- Data excerpt
=====

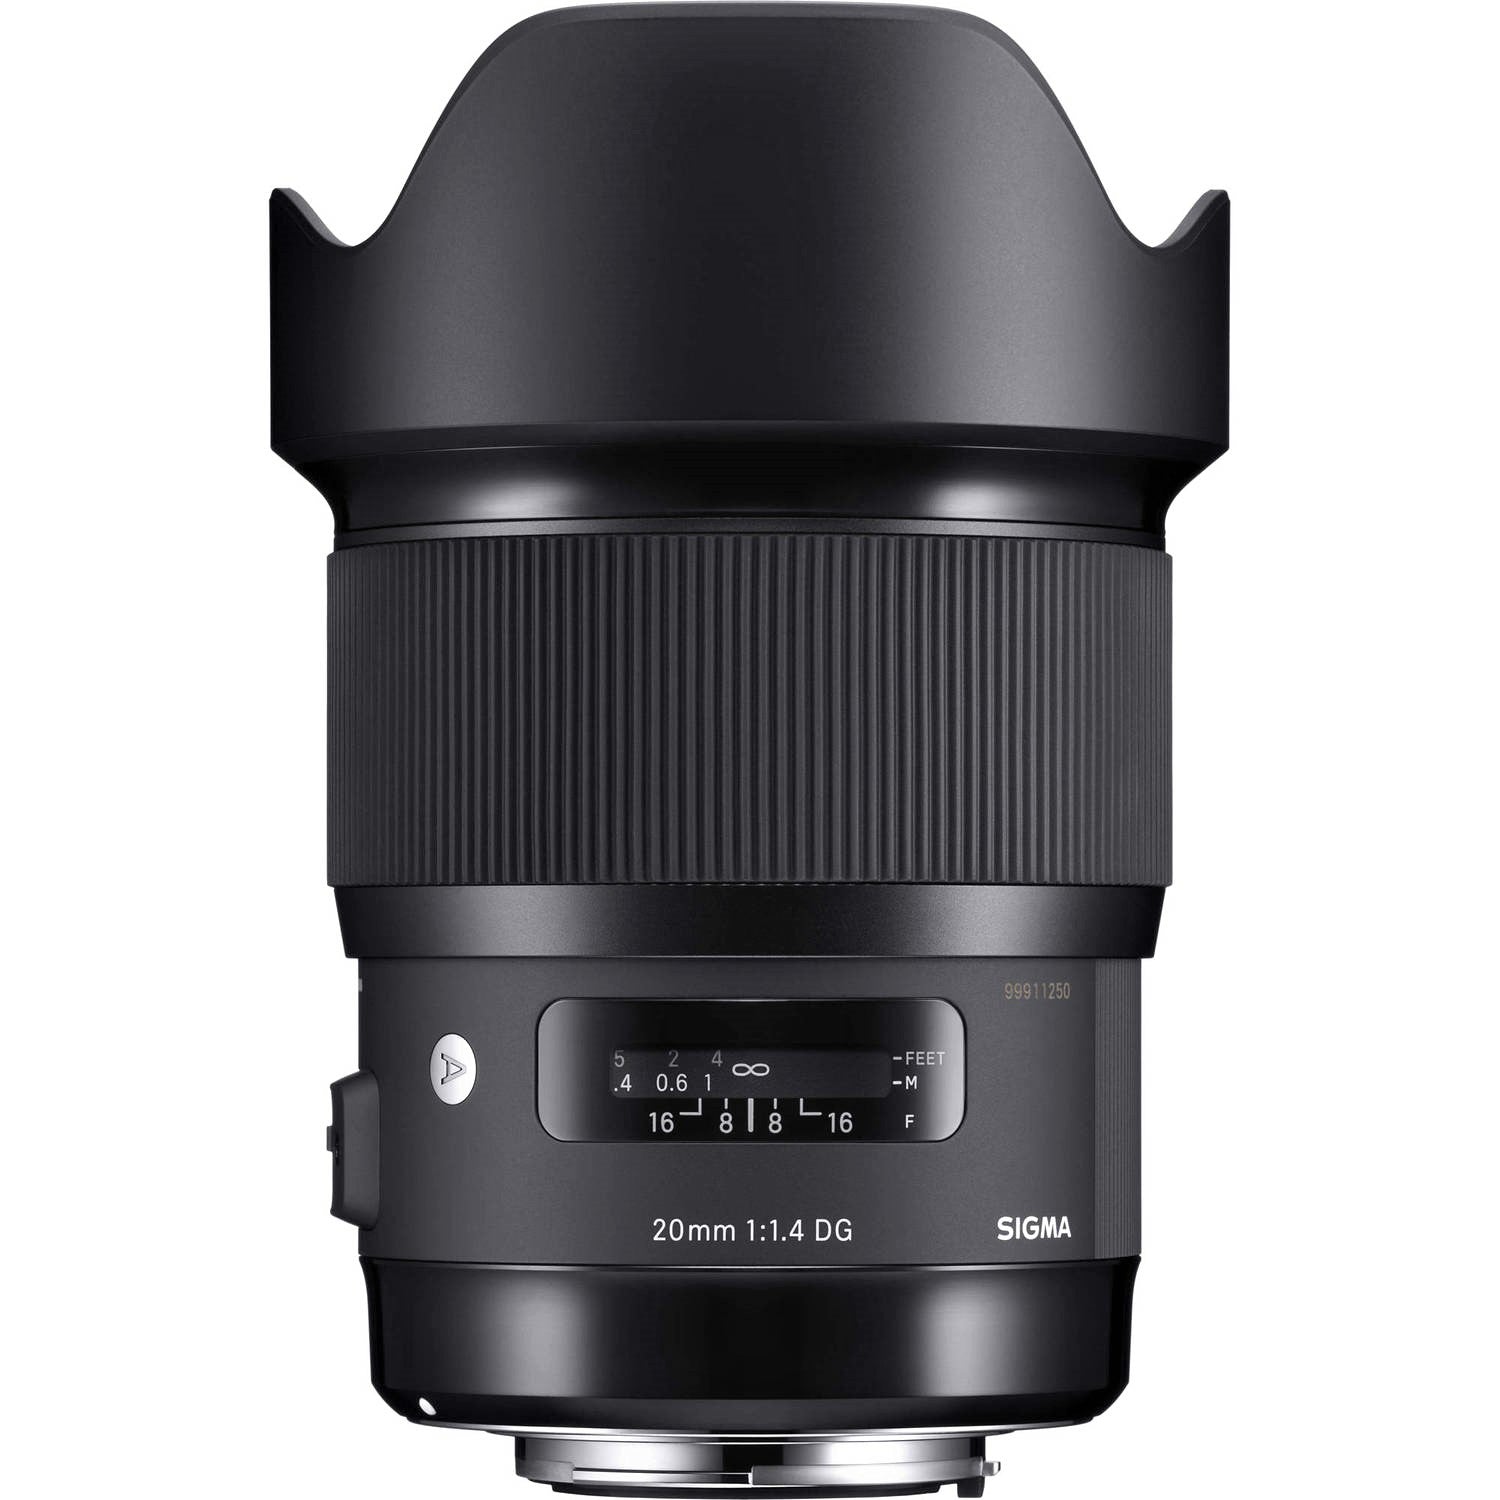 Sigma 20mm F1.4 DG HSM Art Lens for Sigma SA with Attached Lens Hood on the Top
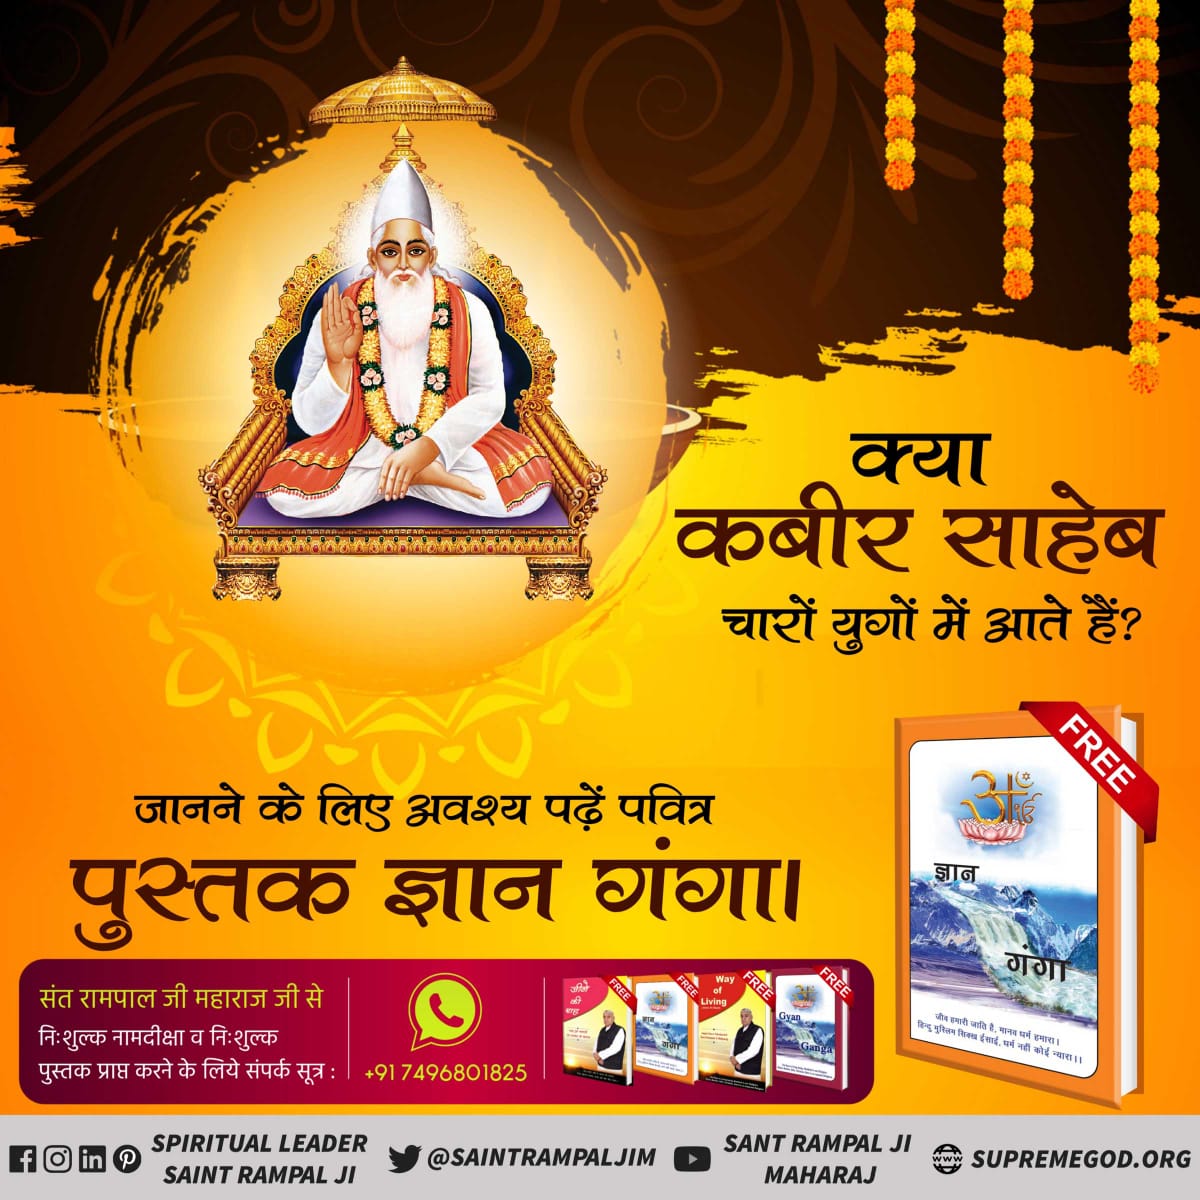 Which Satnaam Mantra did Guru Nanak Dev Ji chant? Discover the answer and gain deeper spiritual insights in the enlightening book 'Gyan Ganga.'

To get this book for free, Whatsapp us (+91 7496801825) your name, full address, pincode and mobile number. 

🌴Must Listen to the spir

=====

Copy exactly the lines from the line that holds "Which Satnaam Mantra" to the end of the listing, both included. Leave the pictures out.

 Which Satnaam Mantra did Guru Nanak Dev Ji chant? Discover the answer and gain deeper spiritual insights in the enlightening book 'Gyan Ganga.'

To get this book for free, Whatsapp us (+91 7496801825) your name, full address, pincode and mobile number. 

🌴Must Listen to the spir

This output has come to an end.